> _TASK INPUT_:
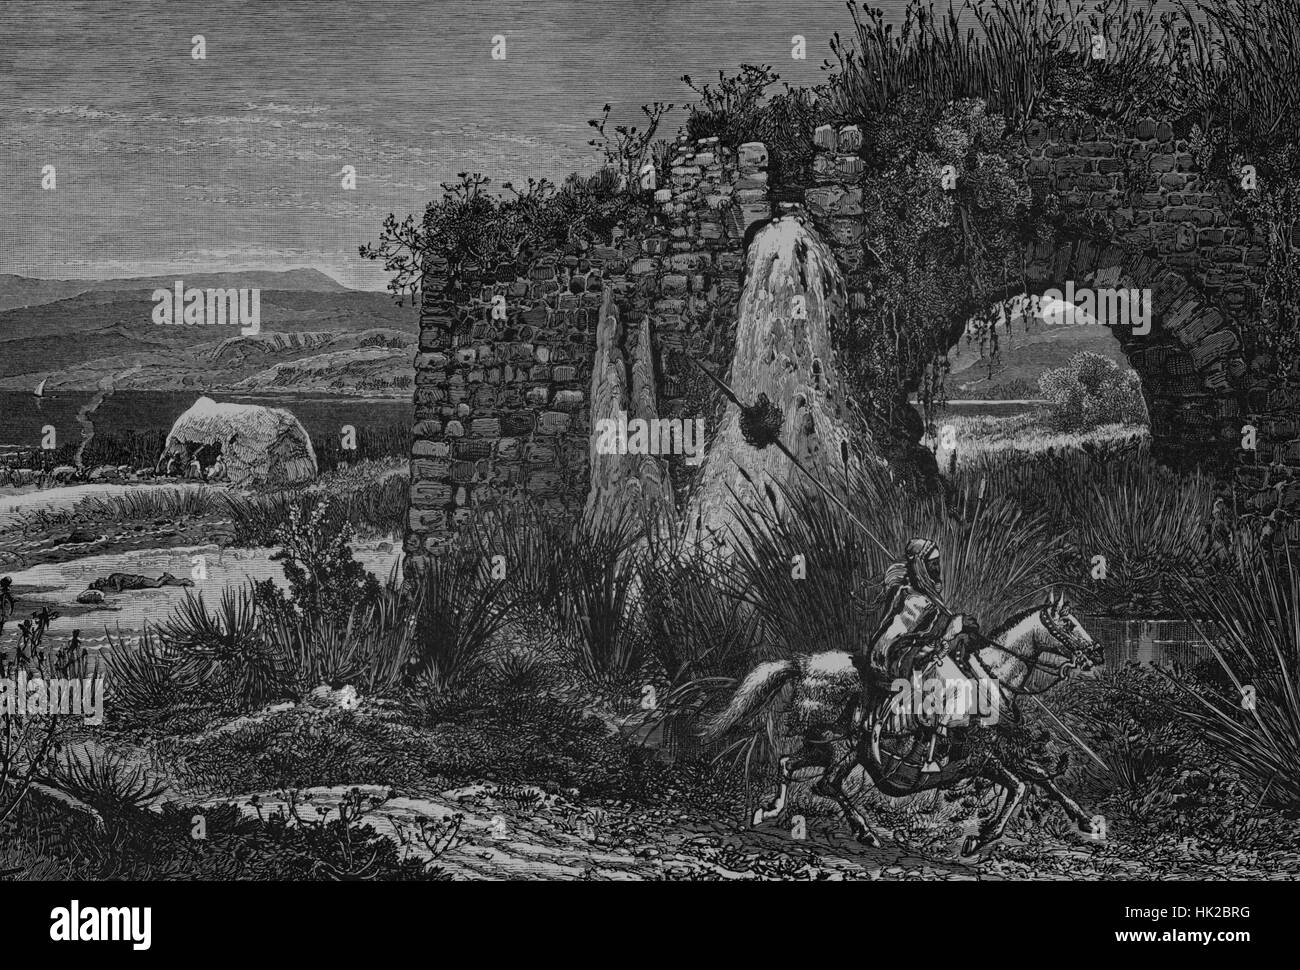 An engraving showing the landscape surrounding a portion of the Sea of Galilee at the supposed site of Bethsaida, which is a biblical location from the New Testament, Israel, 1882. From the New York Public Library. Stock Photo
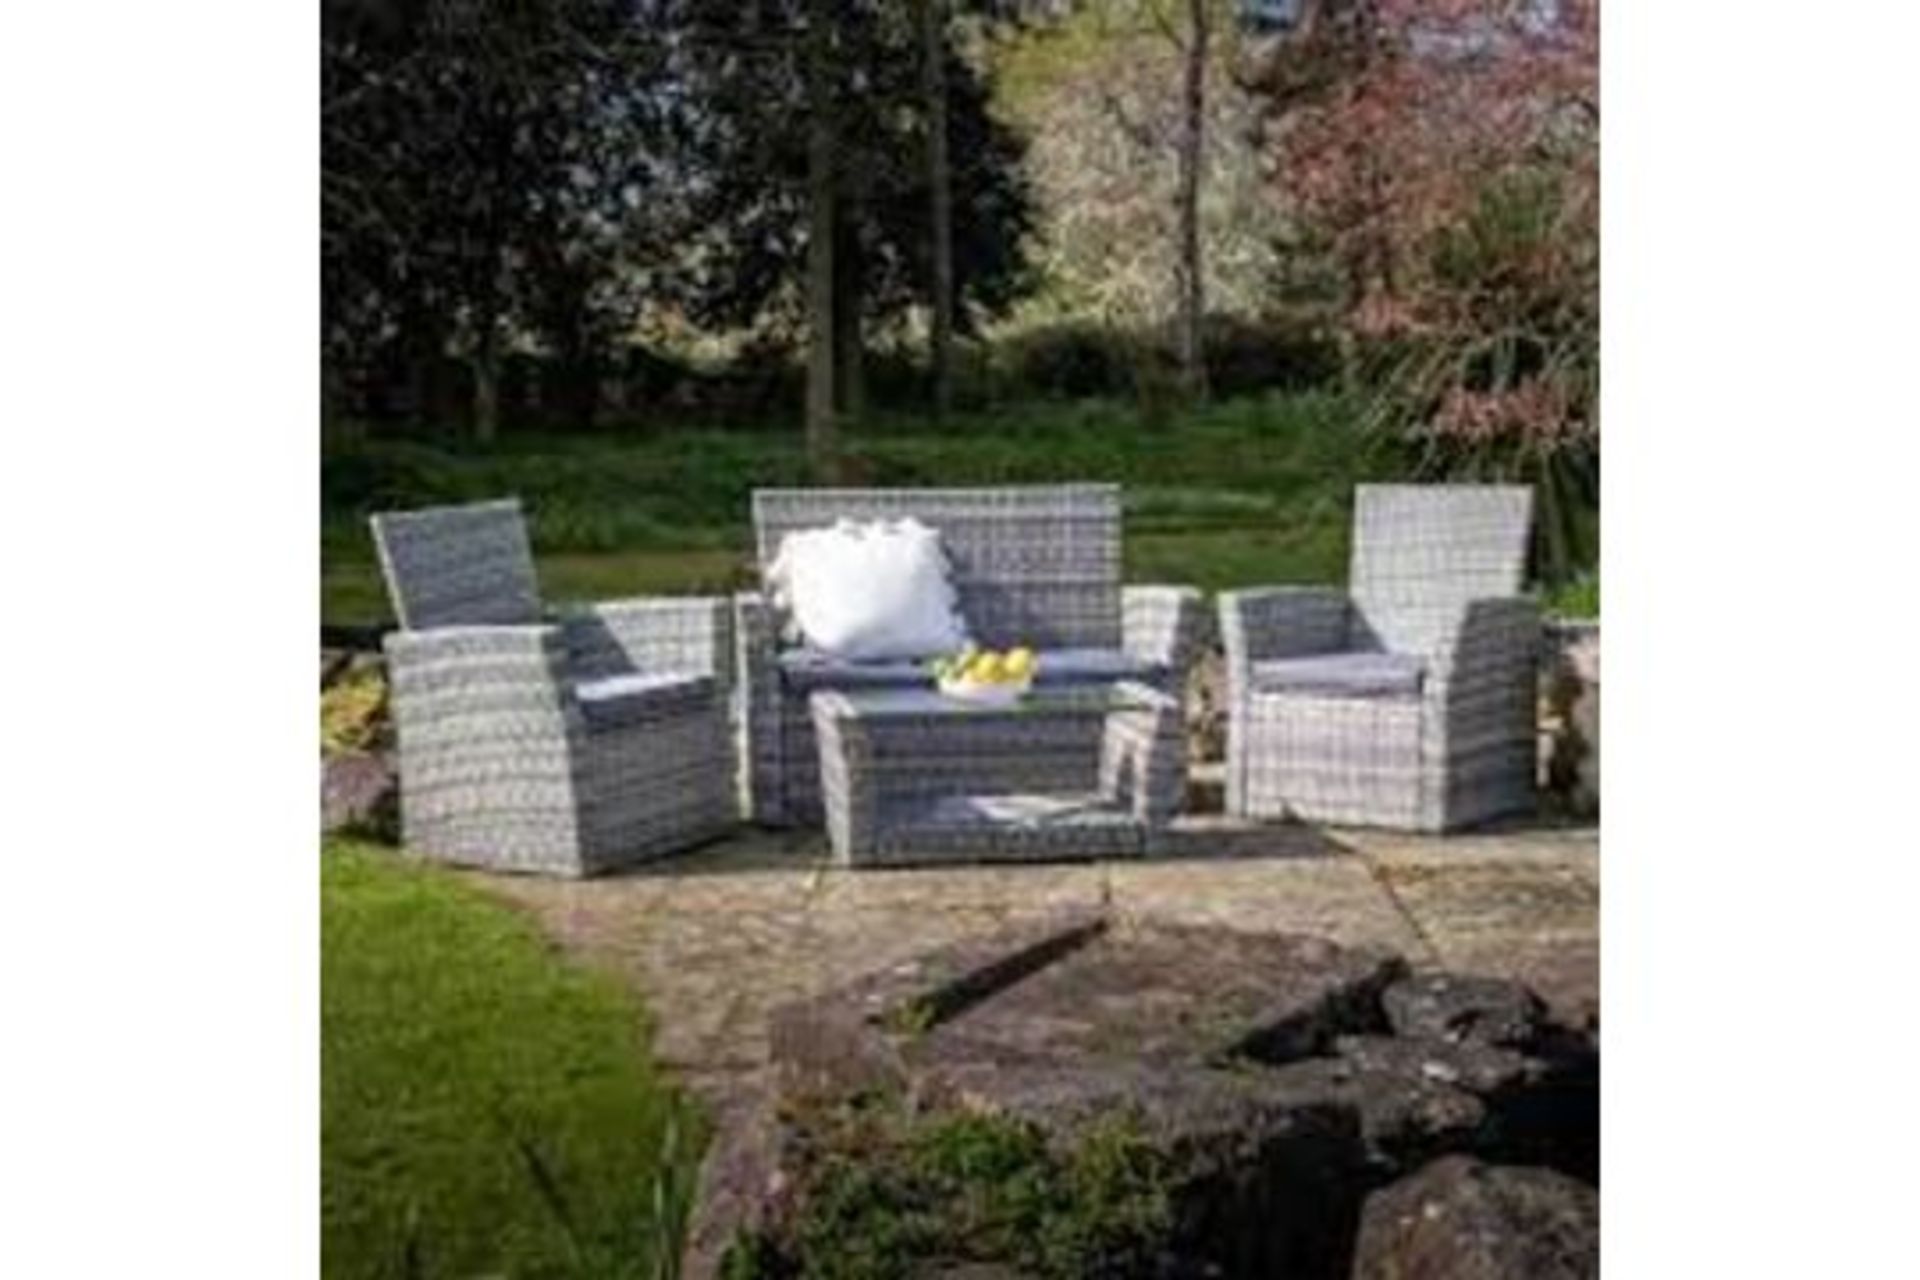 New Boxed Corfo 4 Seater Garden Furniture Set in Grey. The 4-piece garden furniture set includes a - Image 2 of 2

--

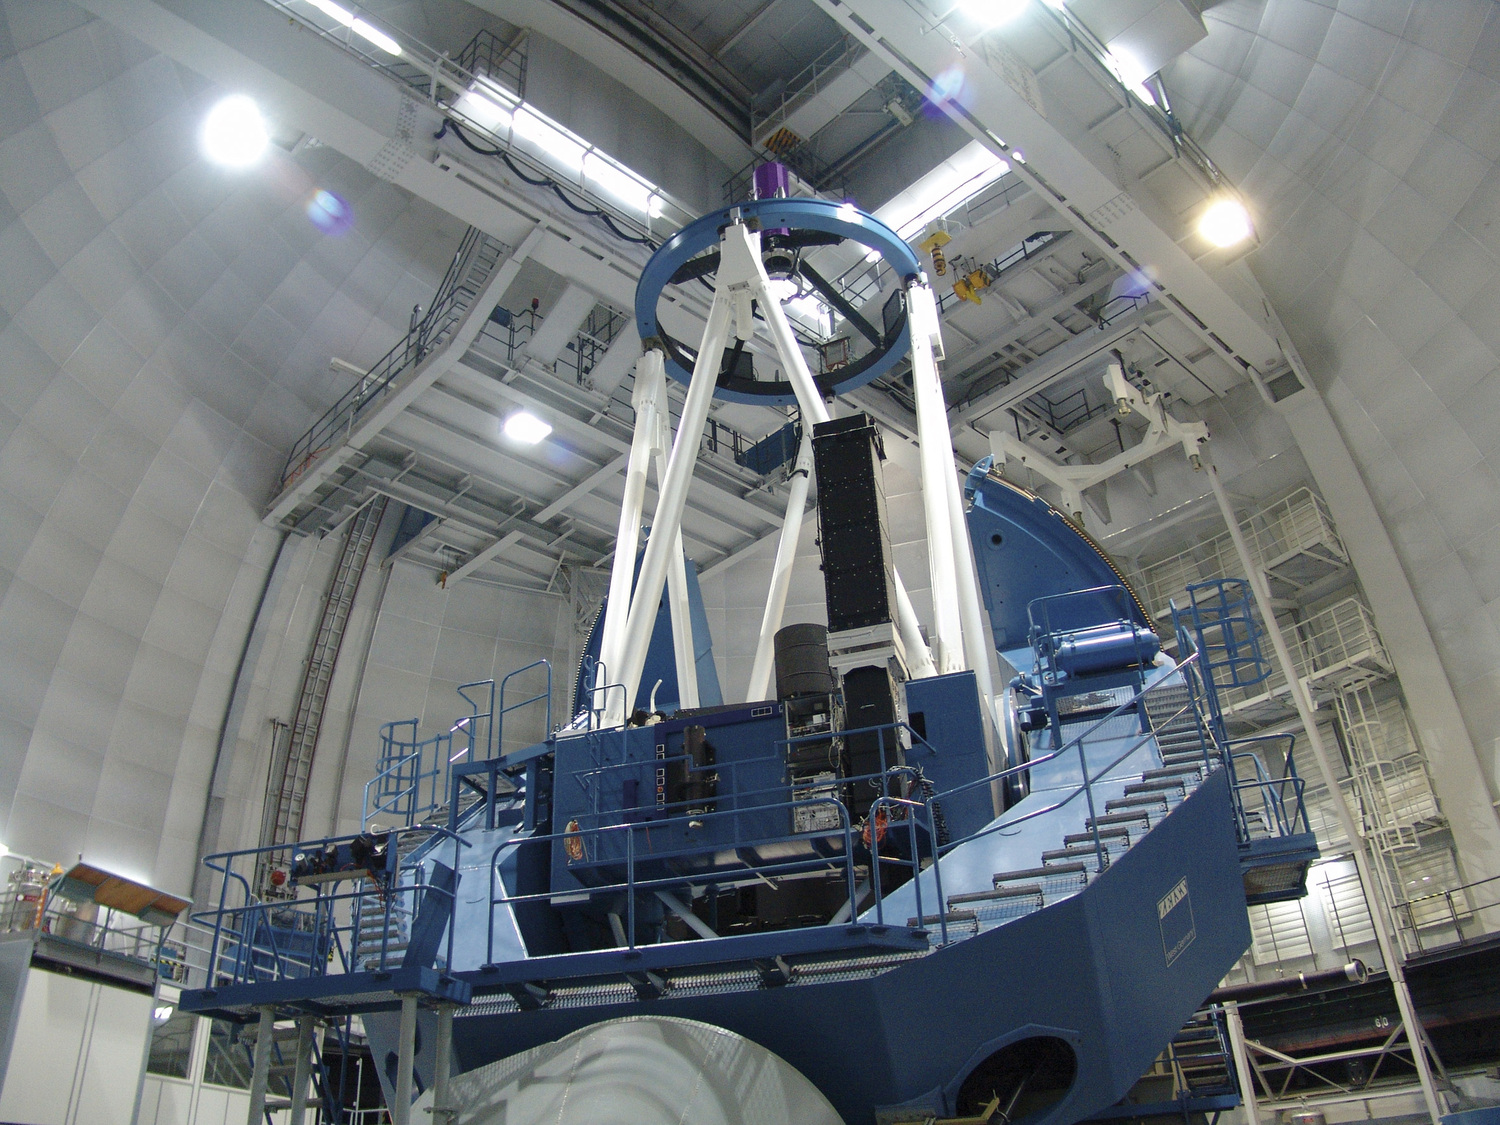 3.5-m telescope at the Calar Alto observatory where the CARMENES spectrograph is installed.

> _TASK TO CARRY OUT_: Although pictures appear among the entries, please set down only the lines from the one with "An engraving showing" up to and including the one with "New Boxed Corfo", word for word.

> _RESPONSE_:
 An engraving showing the landscape surrounding a portion of the Sea of Galilee at the supposed site of Bethsaida, which is a biblical location from the New Testament, Israel, 1882. From the New York Public Library. Stock Photo
 New Boxed Corfo 4 Seater Garden Furniture Set in Grey. The 4-piece garden furniture set includes a - Image 2 of 2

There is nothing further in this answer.